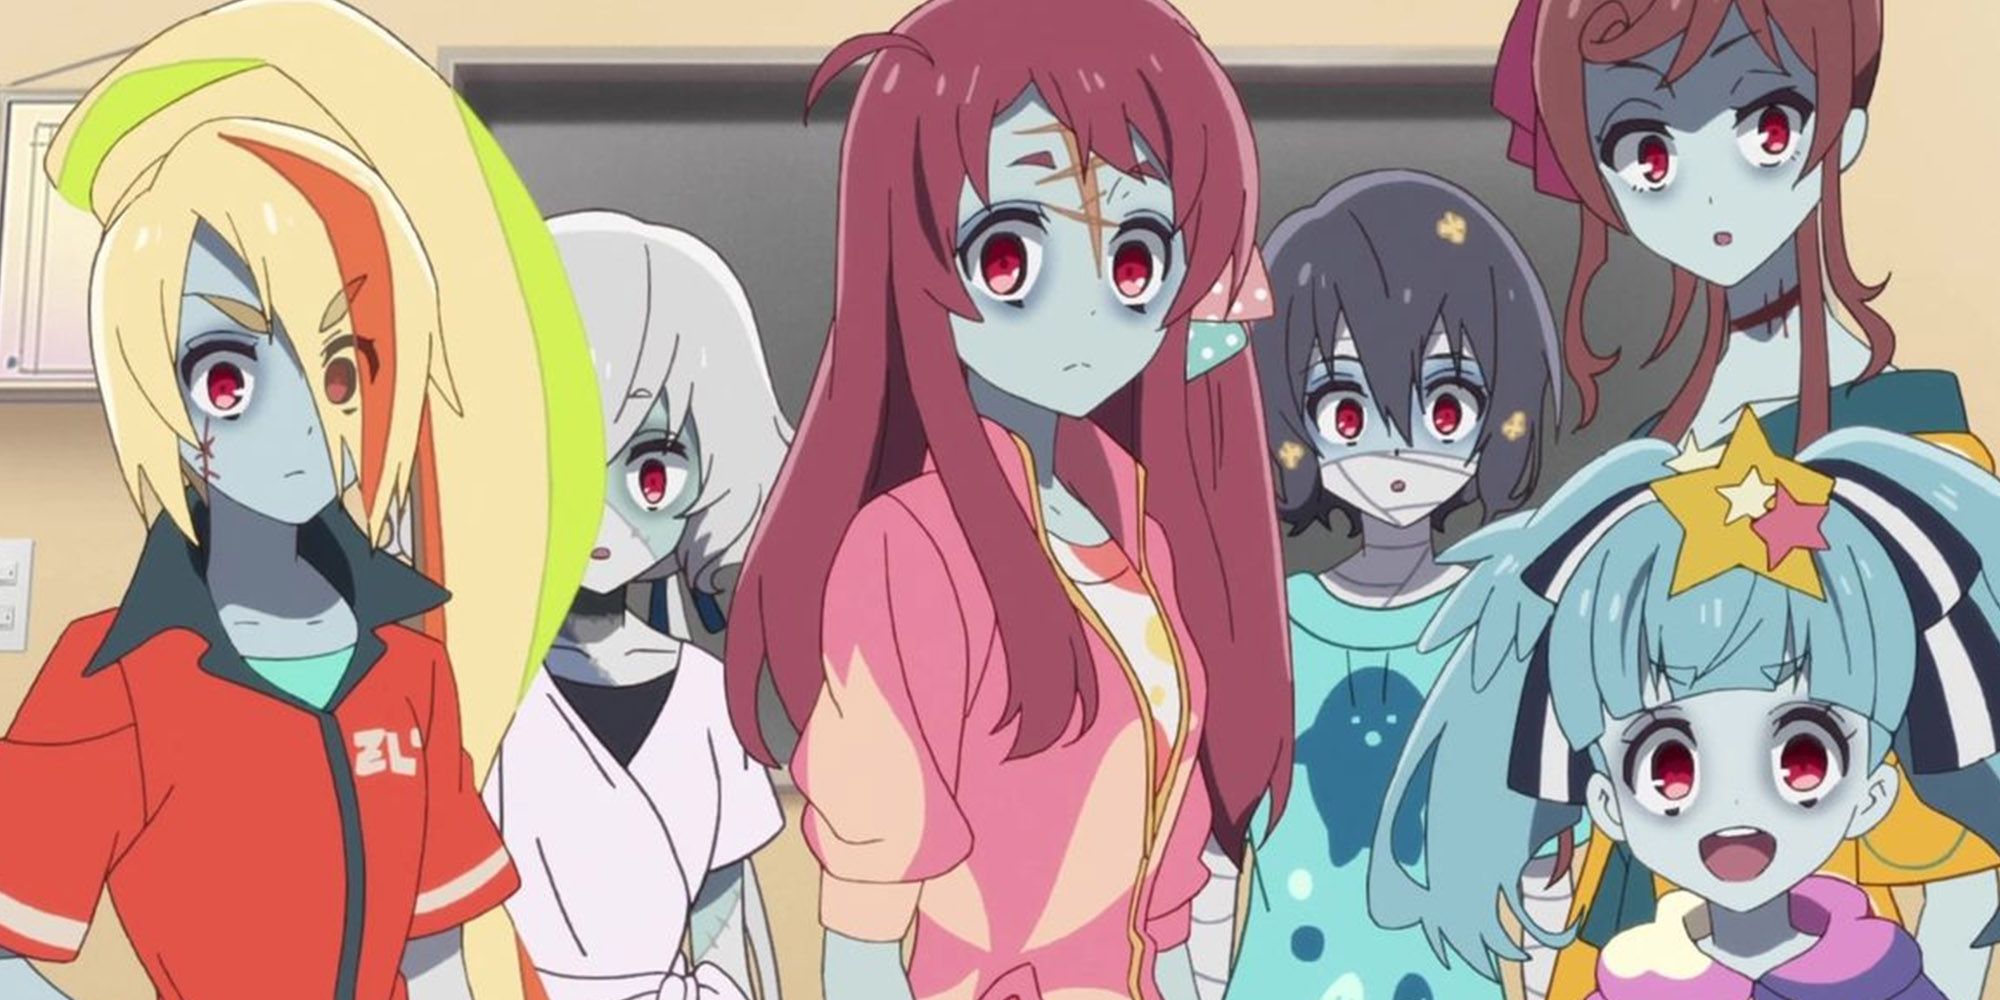 Zombieland Saga -Cast Of Girls All In Their True Zombie Apperances
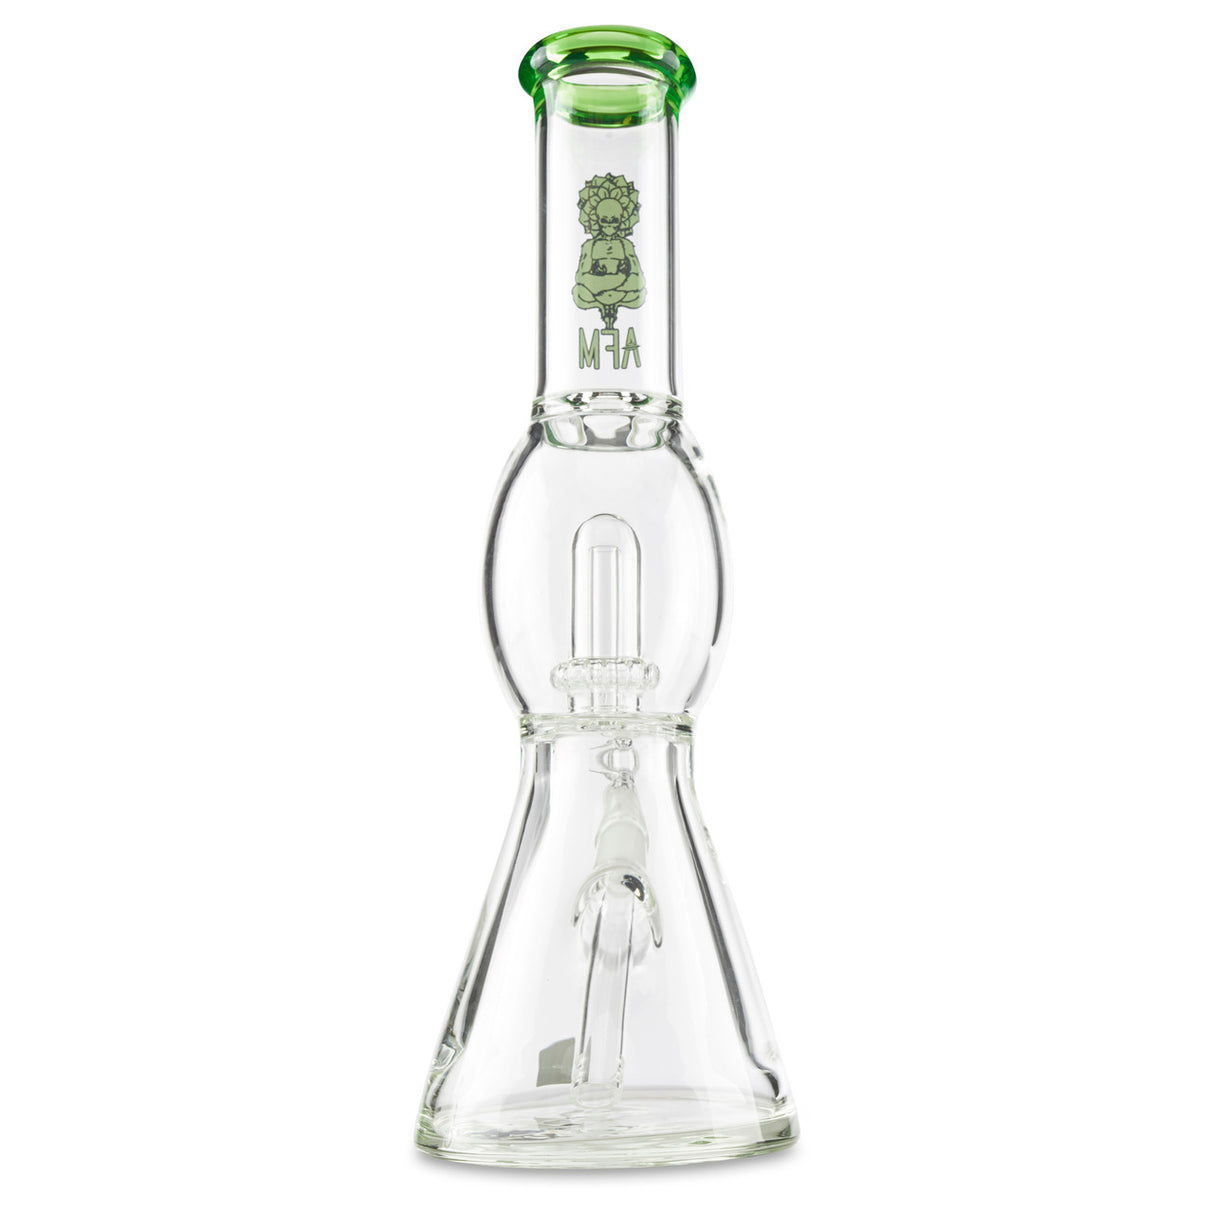 afm short green bong for smoking herbs and tobacco
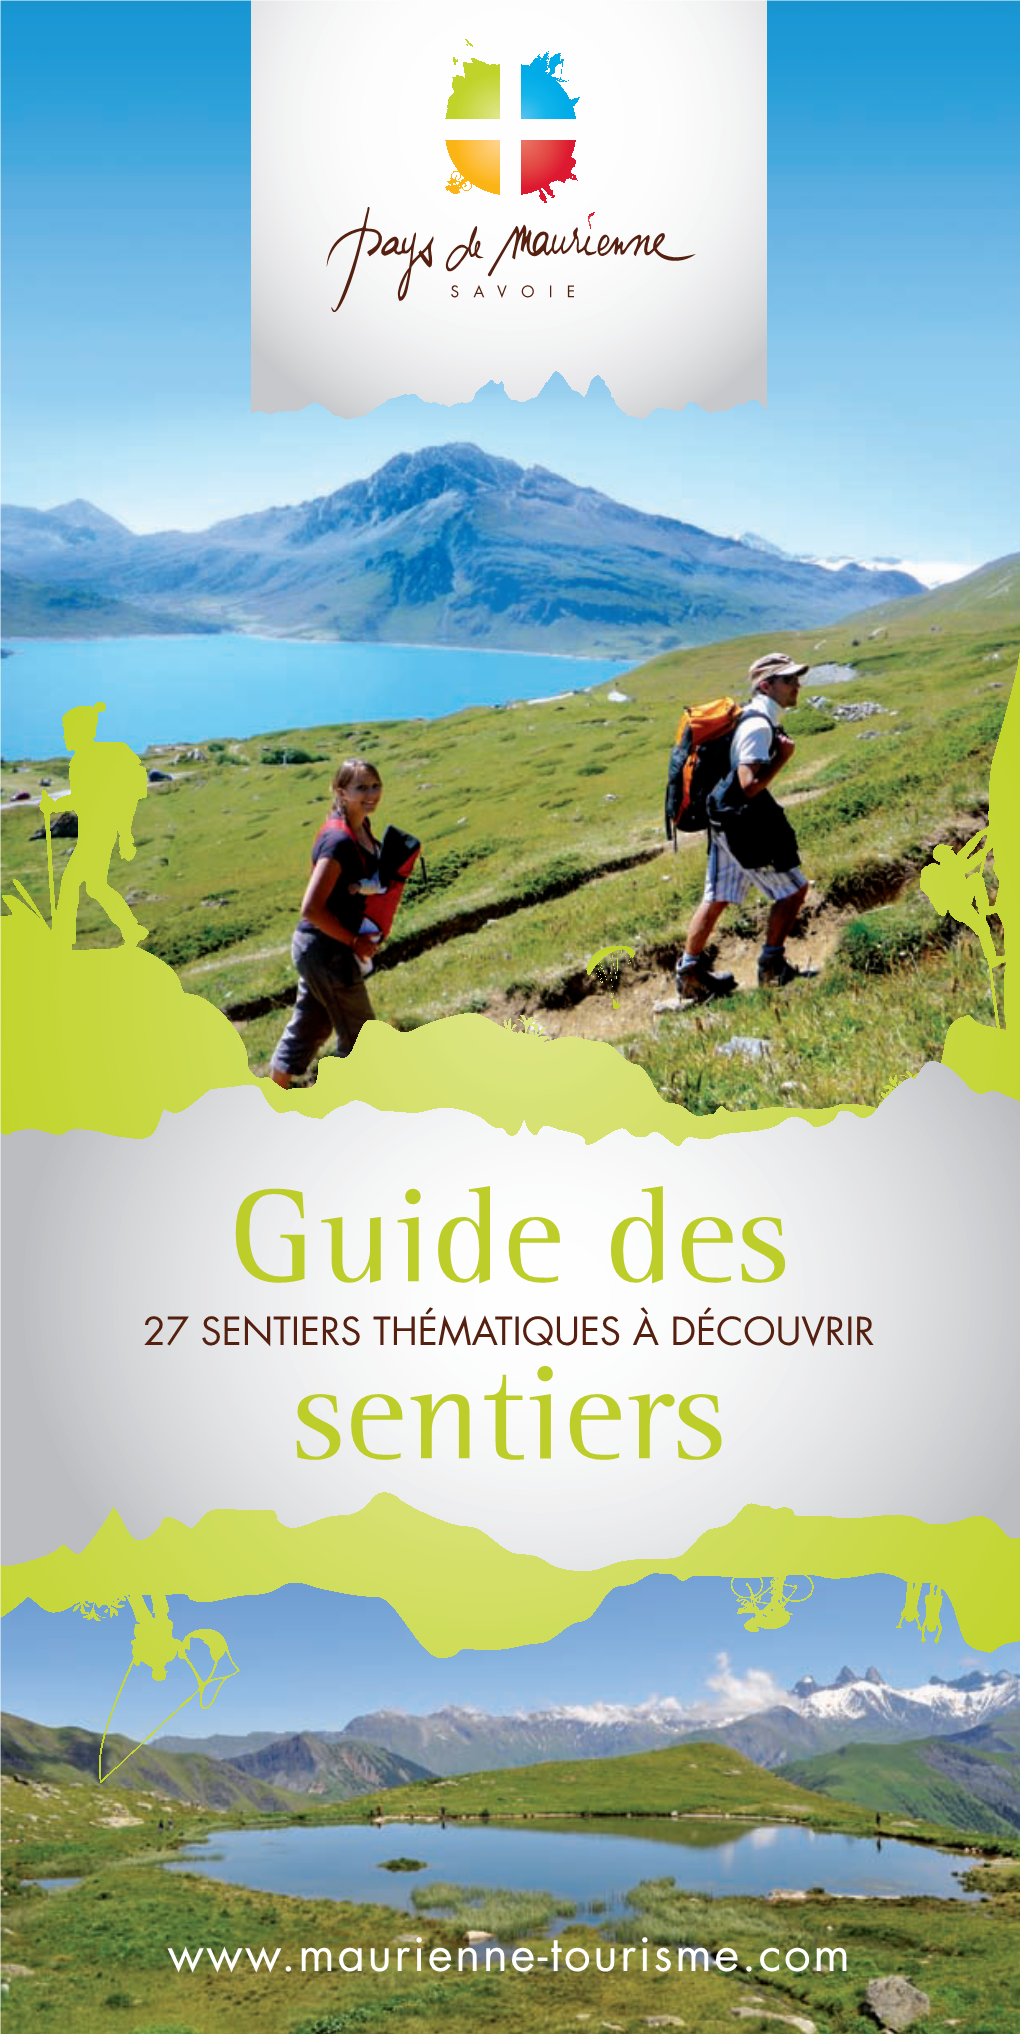 Guide Sentiers 2013:Mise En Page 1 29/04/13 14:41 Page2
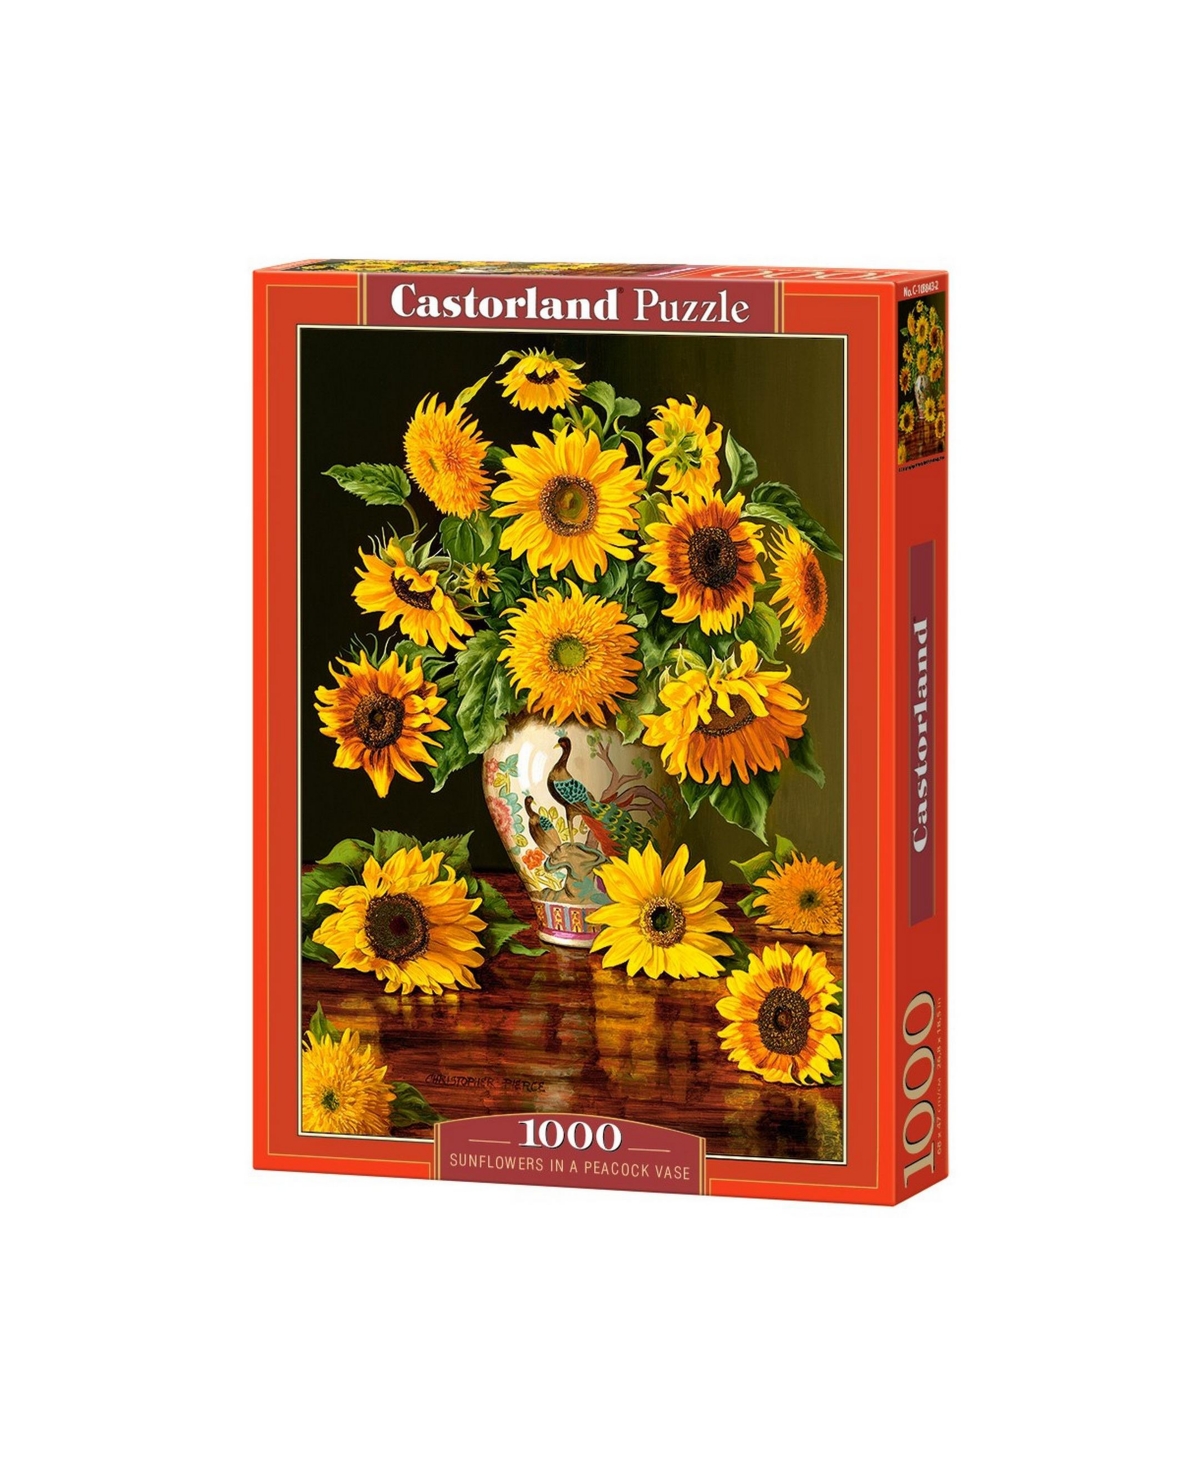 Castorland Sunflowers In A Peacock Vase Jigsaw Puzzle Set, 1000 Piece In Multicolor

▶ **Task goal**
Without including any picture, reproduce the material above word for word.

▶ **Exercise answer**
 Zombieland Saga -Cast Of Girls All In Their True Zombie Apperances
 afm short green bong for smoking herbs and tobacco
 Guide Sentiers 2013:Mise En Page 1 29/04/13 14:41 Page2
 Castorland Sunflowers In A Peacock Vase Jigsaw Puzzle Set, 1000 Piece In Multicolor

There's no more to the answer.